By the time they got down to where the two sets of flashlights had met up, there was some kind of a stare-off going on between Luke and Molly. Thin as a reed and short besides, Molly was no match for the burly oldest Duke cousin. But she stood her ground, hands solidly on hips and face scrunched up, eyes locking hard with Luke's. Alice was at her side, the flashlight held loosely in her hand, beam shining mostly on the ground. Big-eyed, waiting for Luke's short fuse, lit by Molly's short temper, to just go ahead and blow them all to smithereens.

"Molly?" Jesse said. "What are you doing here?"

It wasn't an accusation, at least not mostly. There was an edge to the oldster's voice, but Daisy would bet it was surprise as much as anything.

"She followed me," Daisy realized. "Didn't you?"

"We did," Alice agreed.

When Molly tore her eyes away from Luke's, and the lines of her frown shifted away from anger. Pouting, all but sticking out her lower lip; it was as good an act as anyone had ever put on.
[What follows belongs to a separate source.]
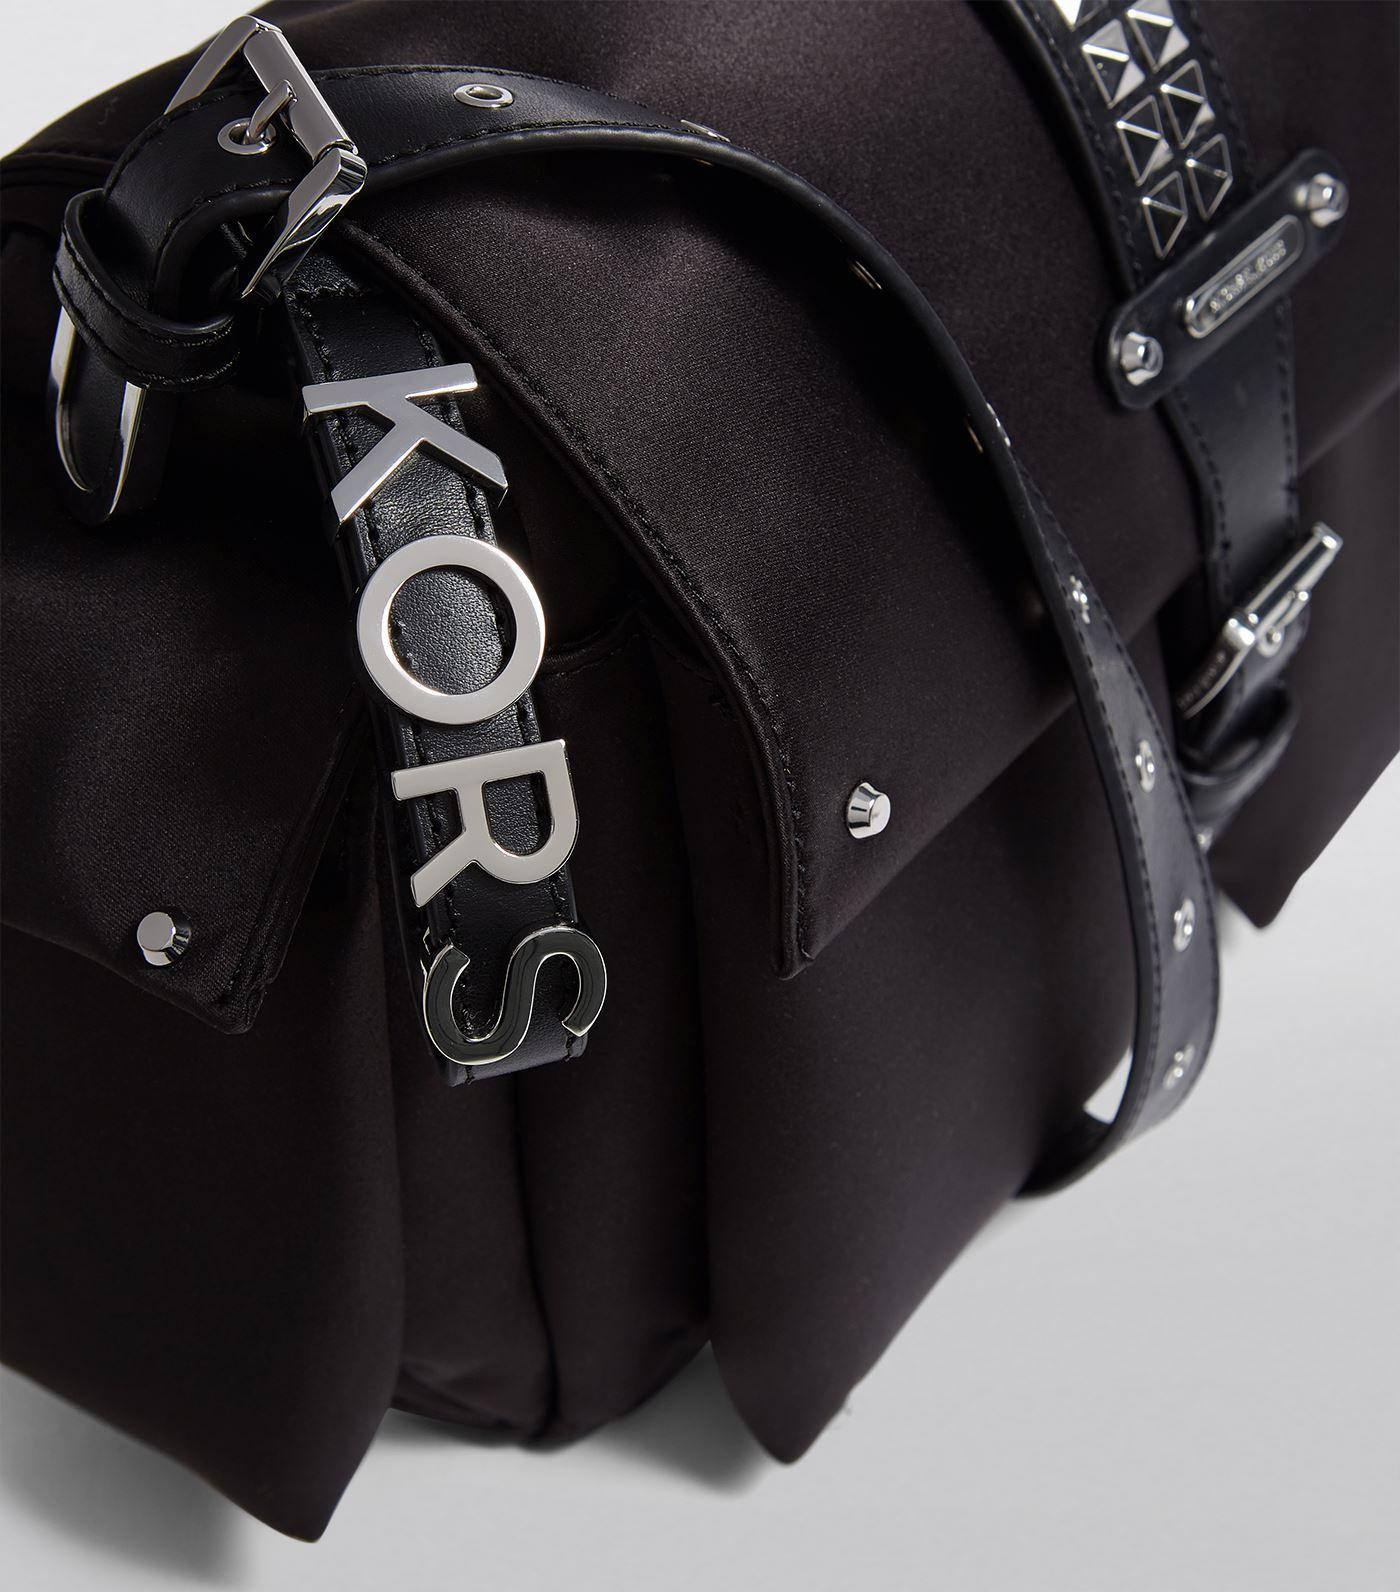 detailed look various styles many fashionable Studded Olivia Shoulder Bag   Shoulder bag, Michael kors, Bags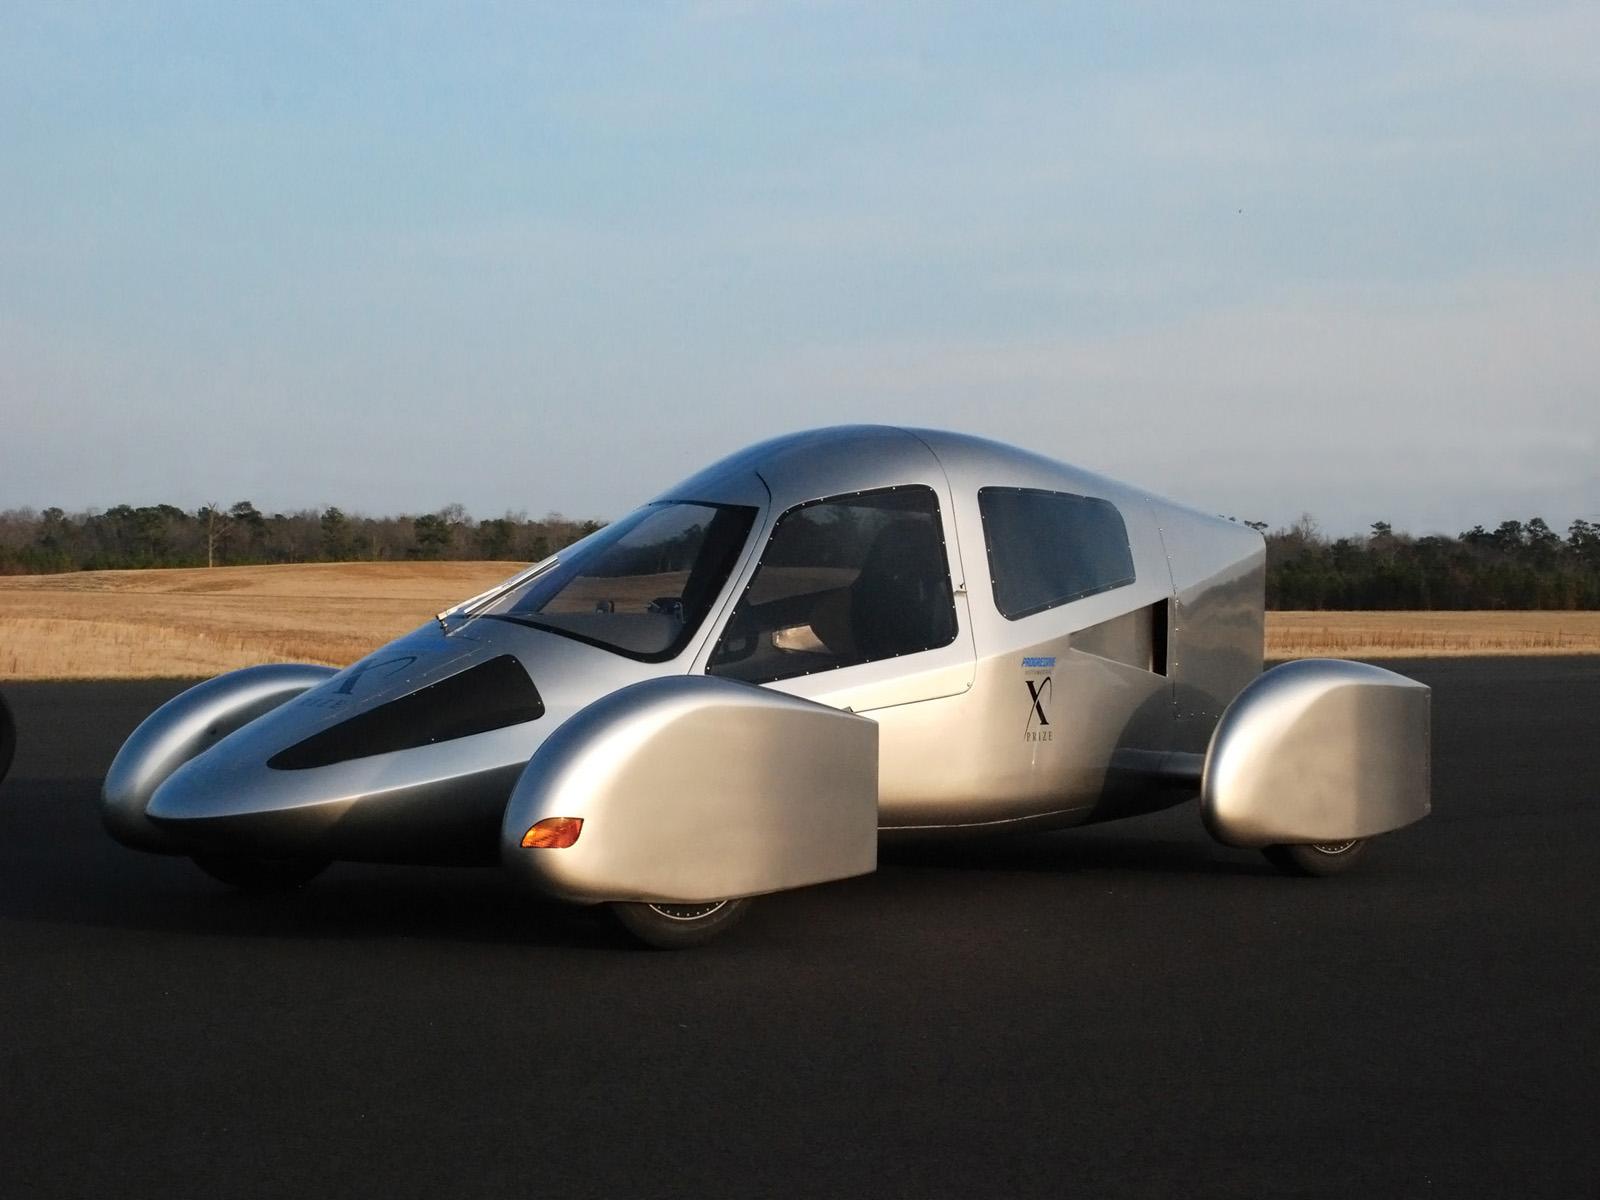 роскошь вот самые легкие автомобили картинки считается

"We come here to make sure Daisy was all right." Well, wasn't that cute. "She seemed so upset when she left and we just wasn't sure it was smart for her to drive, so we followed out after her." They must have driven blacked out, too, far enough behind that they couldn't easily be seen and Daisy was a fool. She'd led them right here. "And then this cantankerous youngster here," finger jutting at Luke, "come running at us, accusing us of sabotage and sneakiness and—doing something to Bo."

"Luke," Jesse intervened. "You said yourself that whoever it was that you was fighting with, it wasn't Molly."

"It wasn't Molly," wasn't exactly like Luke agreeing. It was more like Luke making a legal case. "But that don't mean she wasn't behind it."

"Behind what?" was Molly's defense. She turned to Jesse with all the innocence in her soul laid bare in her wide eyes. "Now, Jess, we've been friends for too long for you to go—"

"Just tell us where Bo is," Luke demanded. "And we'll—"

"Jess!" Molly protested over whatever Luke was going to offer her in exchange for Bo's location.

"Now, Luke." Jesse might have been on the verge of a lecture, but then again, his eyes were darting back and forth from Luke to Molly, like he was trying to decide which of them was more right than the other (and which might need to be taken over his knee). Not that Daisy would ever know what his intentions had really been.

"All of you, knock it off." That was Alice. It was probably the loudest Daisy had ever heard her speak. For such a strong girl, Alice wasn't one to assert herself. "It don't matter who's right and who's wrong. Only thing important here is, Bo's missing. Reckon you all need to quit your fussing and find him!"

Which was fine advice and just maybe Daisy wished she'd been the one to give it. Though it didn't much matter when the only thing they could all agree on was that not a one of them had the first idea where to start looking.